Hello, Ciera Design readers! My name is Katie Kosaya, I’m a food photographer from New York City, and I’m really excited to be featured here today!
Here’s a fun, springy recipe for Mother’s Day brunch. I’m a big fan of the fancy toast trend, because it’s such a simple idea that can have infinite interpretations. And there’s something about crunchy toasted bread that never gets old, especially when combined with fresh, colorful toppings.
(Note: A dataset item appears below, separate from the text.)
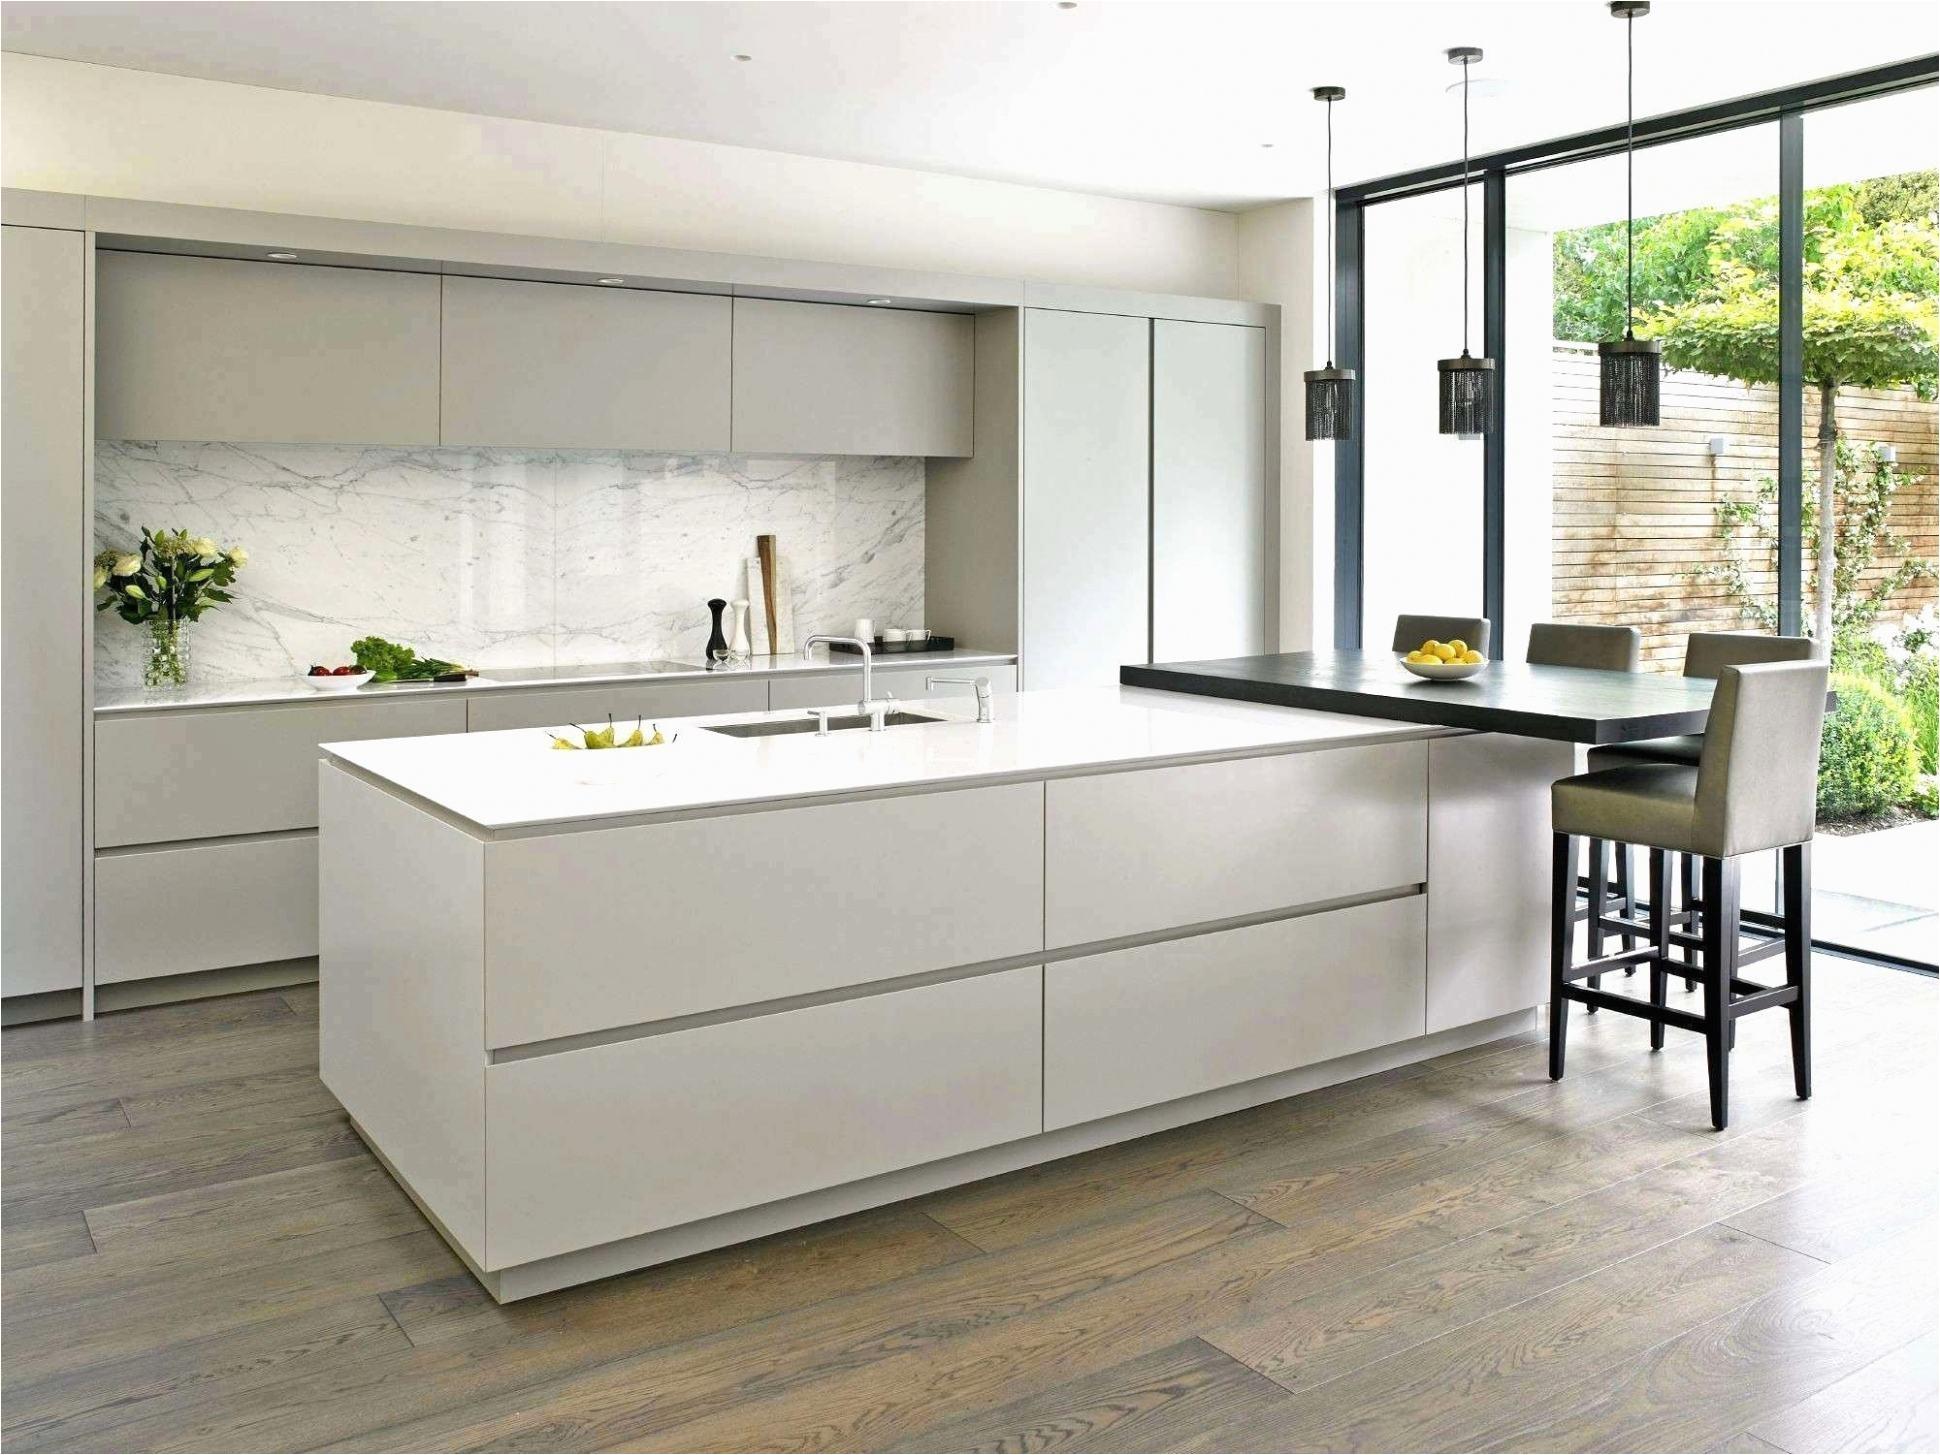 Kitchen Backsplash with Dark Cabinets 55 Clean Kitchen Backsplash Dark Cabinets Picture

While savory toast is always good, after a winter of comfort food, I’m very ready to start eating juicy berries and fruit again. You can use strawberries, raspberries, blackberries, peaches, pineapple, or anything else in season. Top it all with sprinkled seeds, such as chia, sunflower, flax, or nuts like toasted walnuts or sliced almonds. I also sometimes finish off the dish with a drizzle of honey.
I love this raspberry-blueberry combination with a pinch of citrus and a hint of mint. It’s vibrant, flavorful and bursts with vitamins! Try my recipe below, but really, it’s more one particular arrangement of tasty ingredients — feel free to experiment!
Ricotta Toast with Fresh Berries
2 slices of a bread of your choice (I use ciabatta)
2 Tbsp fresh ricotta
1 cup of mixed berries of your choice, washed (I used raspberries and blueberries)
2 kumquats, washed, thinly sliced
1 sprig of fresh mint, washed, thinly chopped
1 Tbsp liquid honey
Lightly toast bread in the oven. Let it cool.
Spread 1 tablespoon of ricotta on each slice of bread.
Add berries, kumquat slices and mint leaves on top of ricotta.
Drizzle with honey.
Serve with a cup of hot coffee or tea for a perfect start to your day!